What if I told you it is possible to capture a full-screen screenshot for a list of URLs & have it stored in a folder on your local machine?
I recently came across a situation where I had to visually scan hundreds of webpage to check whether they have a specific visual element that I am looking for.
Manually opening hundreds of pages to check that would have been tedious and time-consuming and at the same time Screaming Frog XPATH Custom Extraction wouldn’t have worked because this site was also hiding the same visual element via CSS.
This means that Screaming Frog would have detected it on the code level but in actuality, it would have been a different case. That is when I tinkered around with the idea of building a Python Script that can store visual screenshots in a folder then I can just enlarge the image thumbnails & quickly scan whether the said pages have the visual element that I am looking for.
The quantity was relatively less that’s why I didn’t build an additional Python Script that utilizes OCR Python Library to do the job of detection but that’s also possible 😉.
Anyways without further ado here is the script that you were looking for.
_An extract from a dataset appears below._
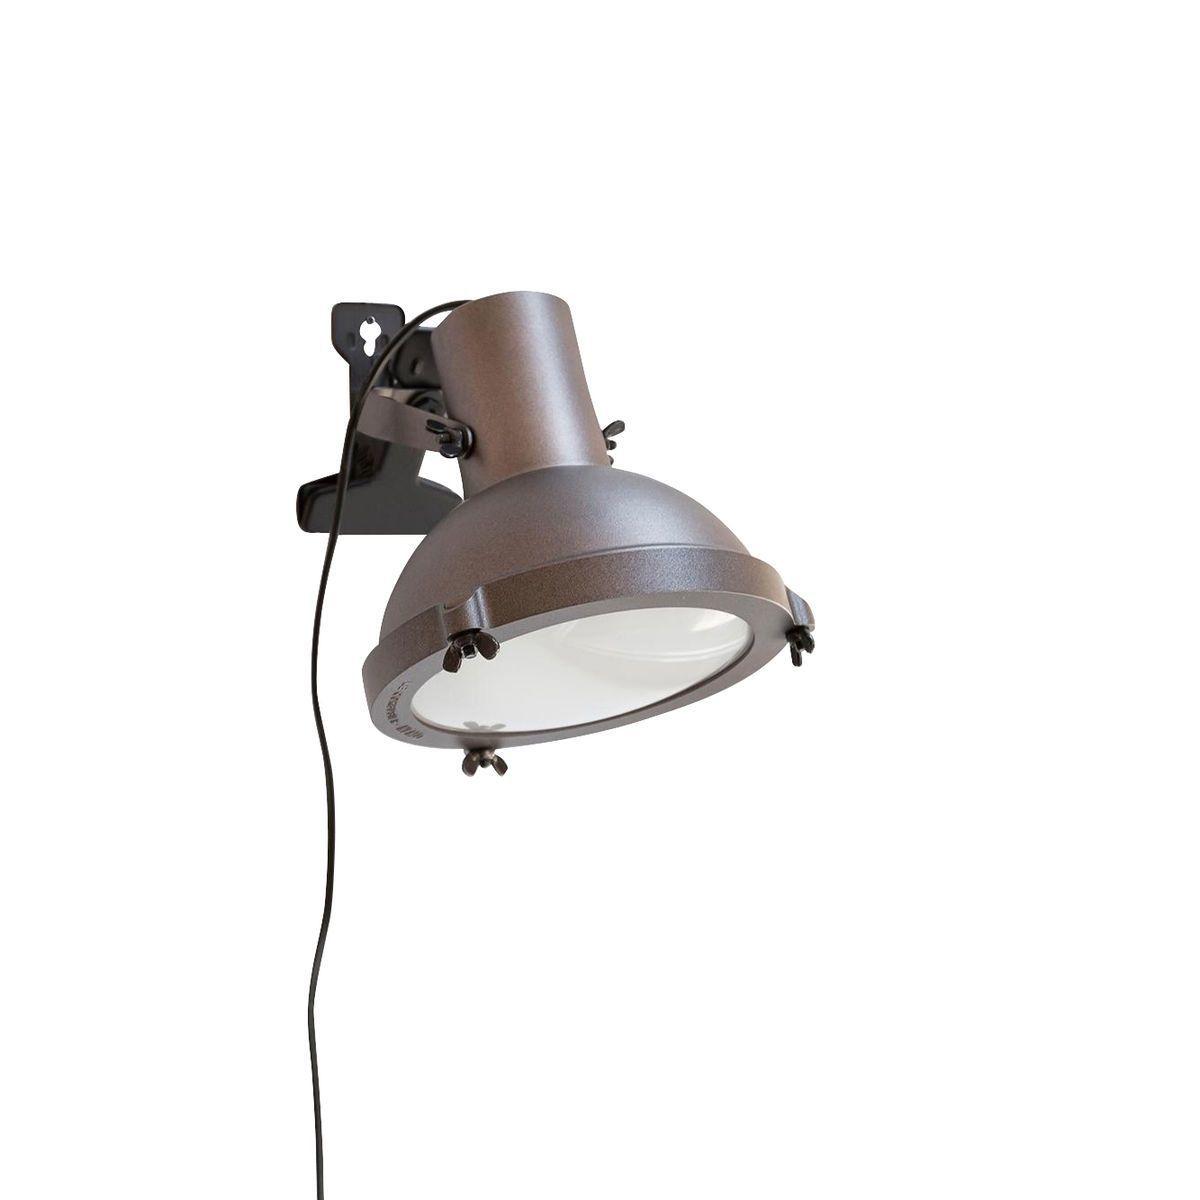 nemo projecteur 165 clip lamp mochamatth 22cm 17cm
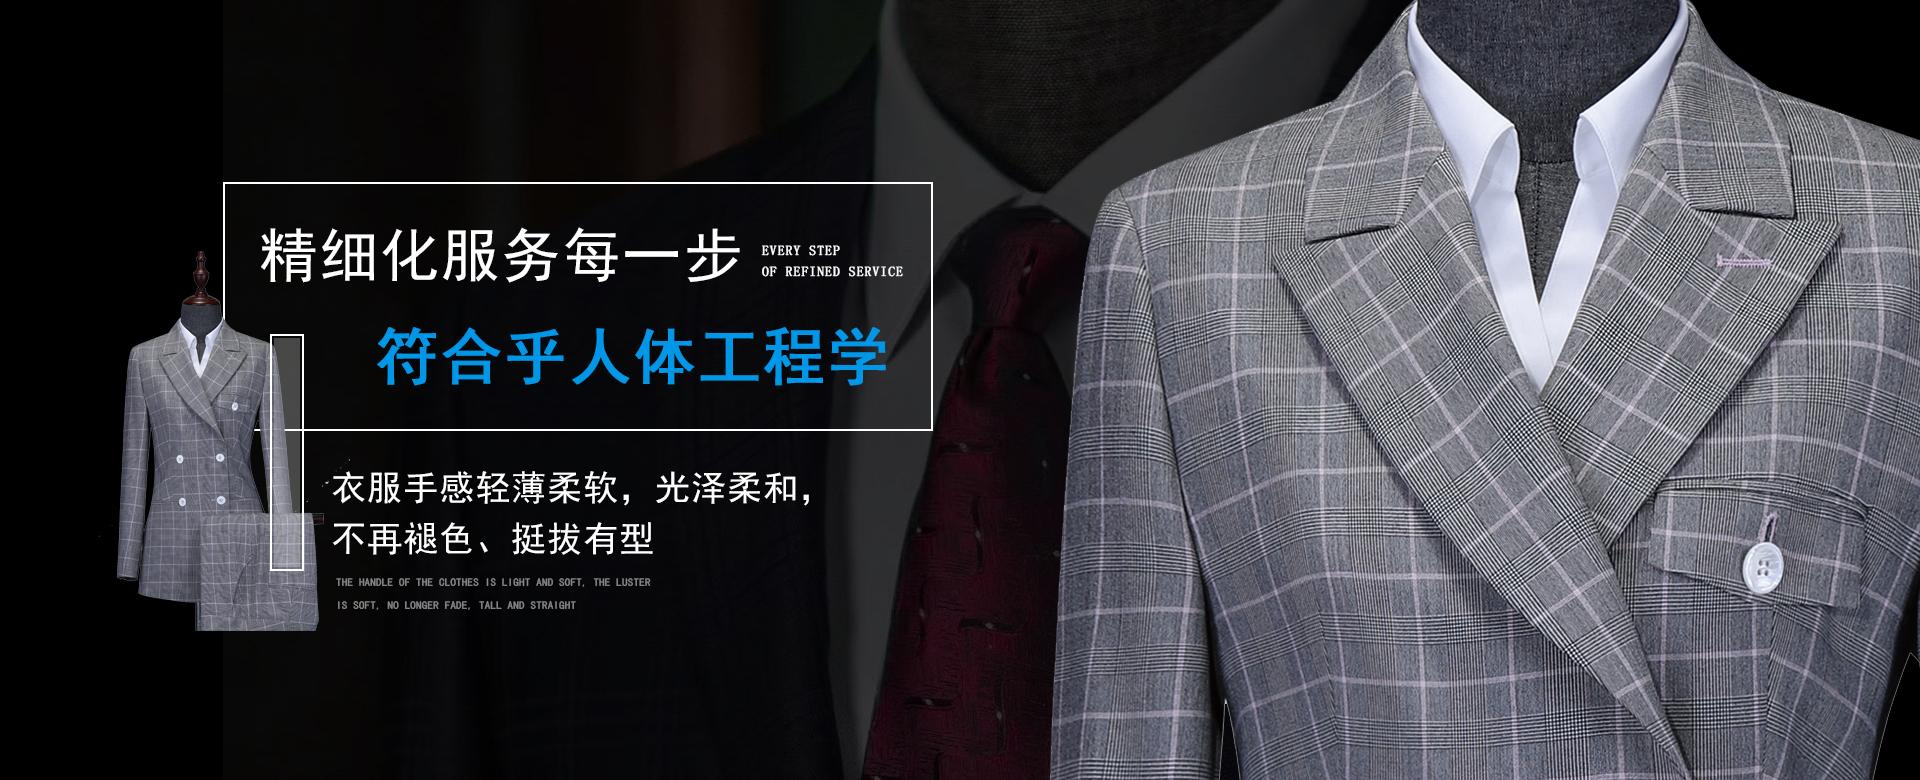 重庆校服定制

Step 1 - Install the necessary Libraries
!pip install selenium webdriver-manager pillow
!apt-get update
!apt-get install -y wget unzip
!wget -q -O /tmp/google-chrome-stable_current_amd64.deb https://dl.google.com/linux/direct/google-chrome-stable_current_amd64.deb
!dpkg -i /tmp/google-chrome-stable_current_amd64.deb || true
!apt-get -f install -y
!apt-get install -y google-chrome-stable
!pip install selenium pillow
!pip install chromedriver-autoinstaller
Step 2 - Specify your List of URLs in the next code block
urls = [
"https://www.decodedigitalmarket.com/should-you-dns-prefetch-all-3rd-party-domains/",
"https://www.decodedigitalmarket.com/how-to-display-last-updated-date-on-wordpress-posts-with-php/",
"https://www.decodedigitalmarket.com/how-to-turn-python-code-into-streamlit-app/",
]
Step 3 - Import Dependecies & Specify Functions along with specifying the Environments
import os
import io
import chromedriver_autoinstaller
from selenium import webdriver
from selenium.webdriver.chrome.service import Service
from selenium.webdriver.chrome.options import Options
from PIL import Image
# Function to take full page screenshot
def take_fullpage_screenshot(driver, url, output_path):
driver.get(url)
# Get the total height of the page
total_height = driver.execute_script("return document.body.scrollHeight")
# Set the window size to the total height
driver.set_window_size(1920, total_height)
# Take screenshot
screenshot = driver.get_screenshot_as_png()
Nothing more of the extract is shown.